L’idée que la sexualité dégrade les femmes est même intégrée par certaines d’entre nous : regardez ce que dit cette autrice d’un article de Vice, censé faire l’apologie de la sodomie.

Pourquoi toutes les filles devraient pratiquer le sexe anal

Baiser avec les fesses est l’un des meilleurs trucs au monde, simplement parce que douleur, destruction et dégradation sont trois concepts parfaitement FUN. (…)

DÉGRADATION VOLONTAIRE

Non, je n’ai jamais été sexuellement abusée. Non, je n’ai pas été abandonnée par un père qui me battait. Pourquoi est-il si difficile de comprendre qu’une fille aime PRENDRE ? On est bâties pour ça. Bâties pour prendre des sexes masculins. C’est ce qu’on fait. Ça ne fait pas de moi une victime, ça ne me rend pas inférieure, ça me rend heureuse

Dans ce contexte, il devient consternant de voir l’énorme influence des codes de la pornographie : on les retrouve dans la publicité, dans la musique, dans la téléréalité.

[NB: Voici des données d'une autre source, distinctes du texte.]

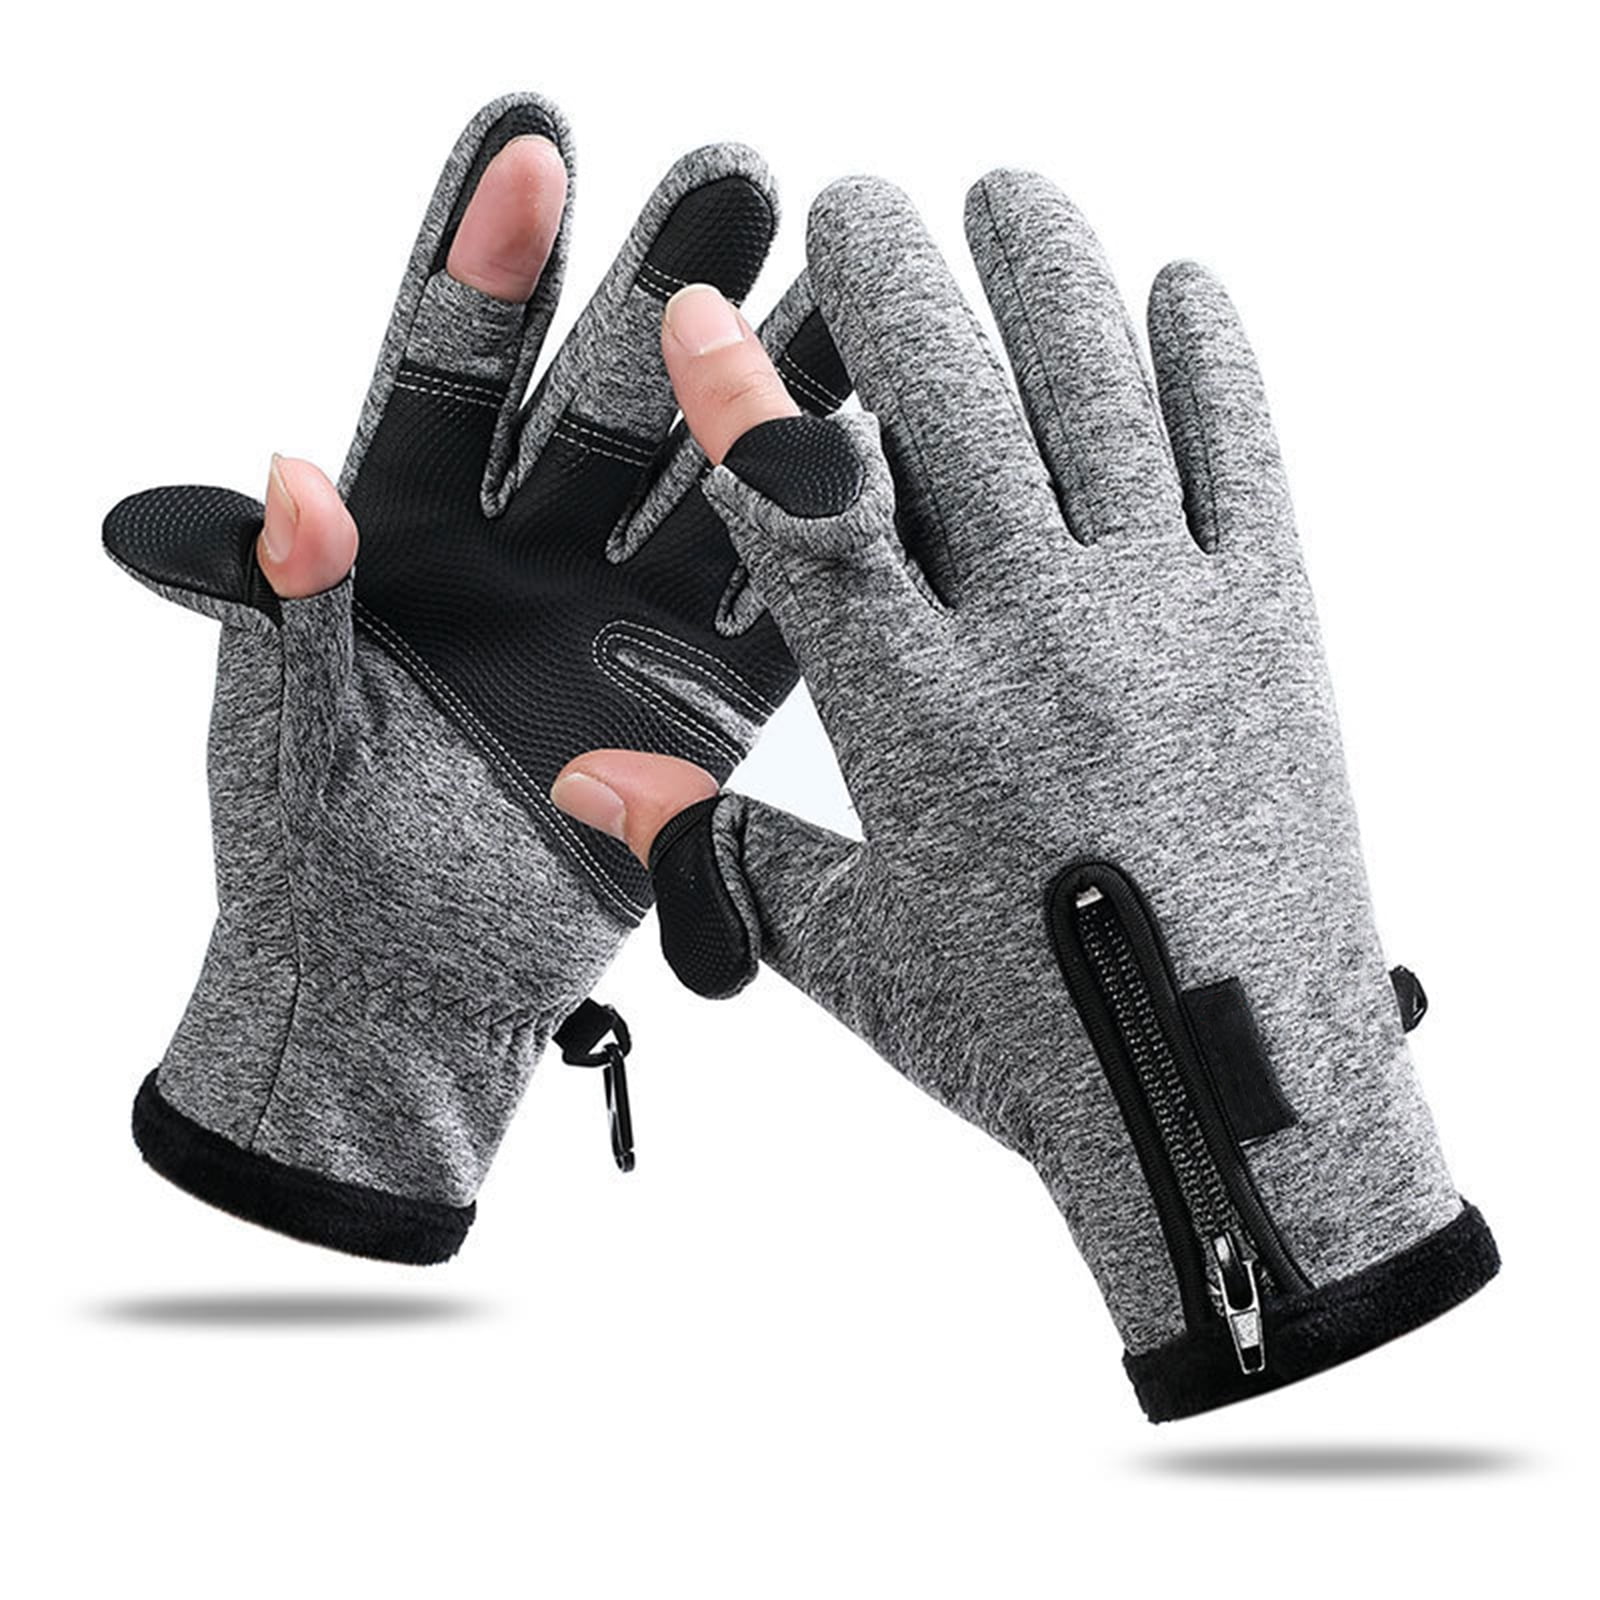 2pcs Hands Protection Gear Palm Safety Guard Glove for Ice Skating Outdoors 
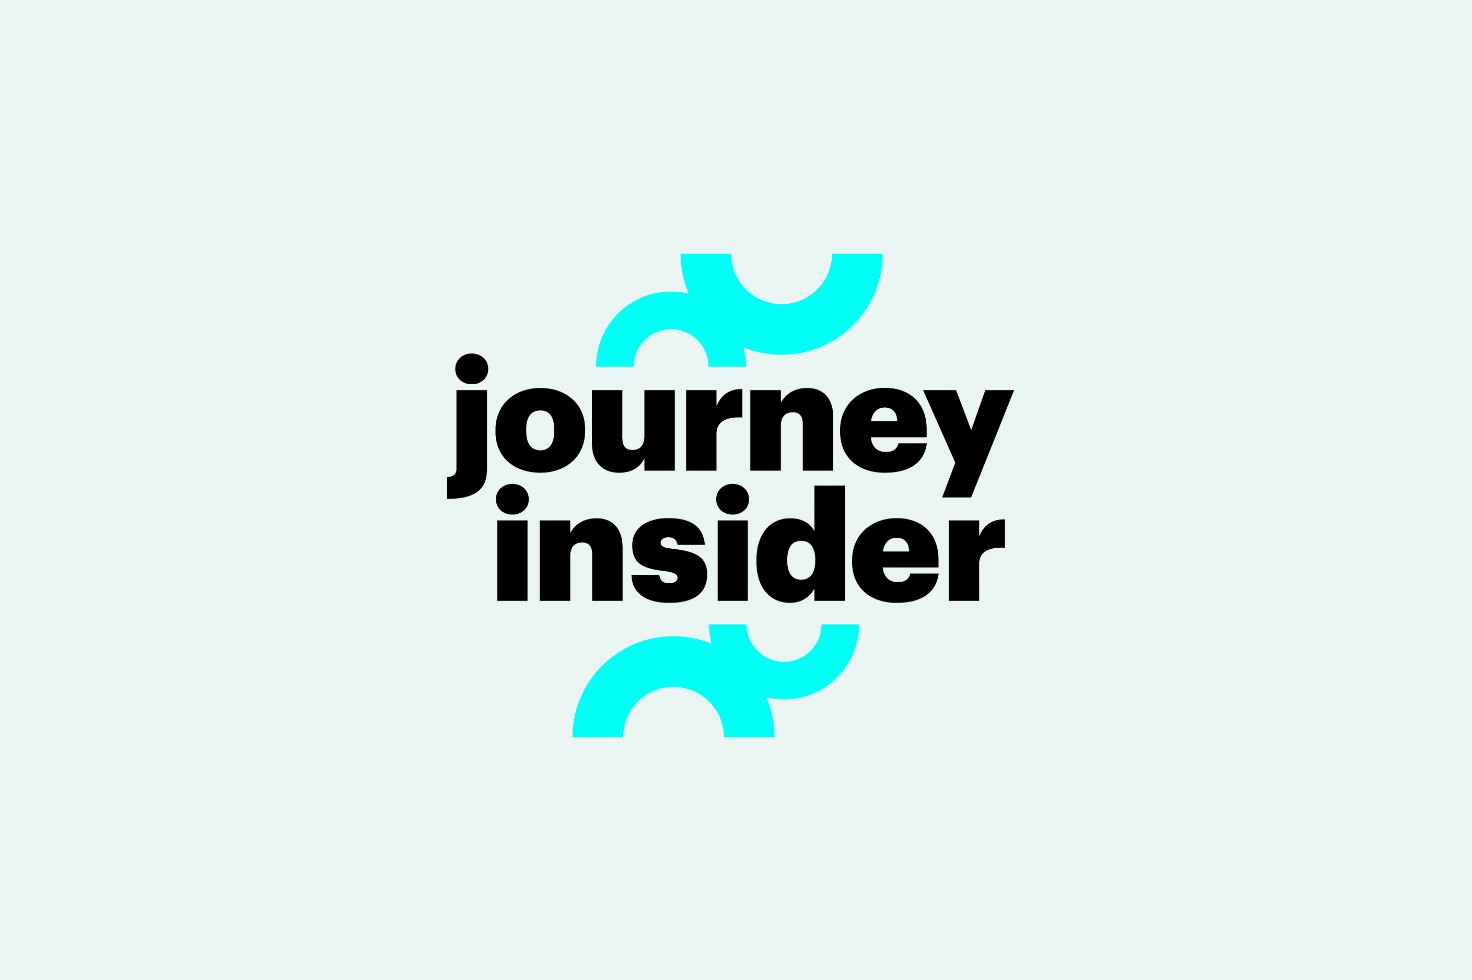 journey insider Maddy Apsey, SVP of Digital Investments 22Squared

Pour beaucoup d’entre nous, qui avons été confronté.e.s à ces media bien avant la pornographie, le lien n’est pas évident, mais il suffit de regarder les exemples les plus extrêmes pour comprendre que « le sexe fait vendre » est devenu un mot d’ordre universel.

Ajoutez un coït à cette vidéo et vous avez un porno réalisé dans les règles de l’art.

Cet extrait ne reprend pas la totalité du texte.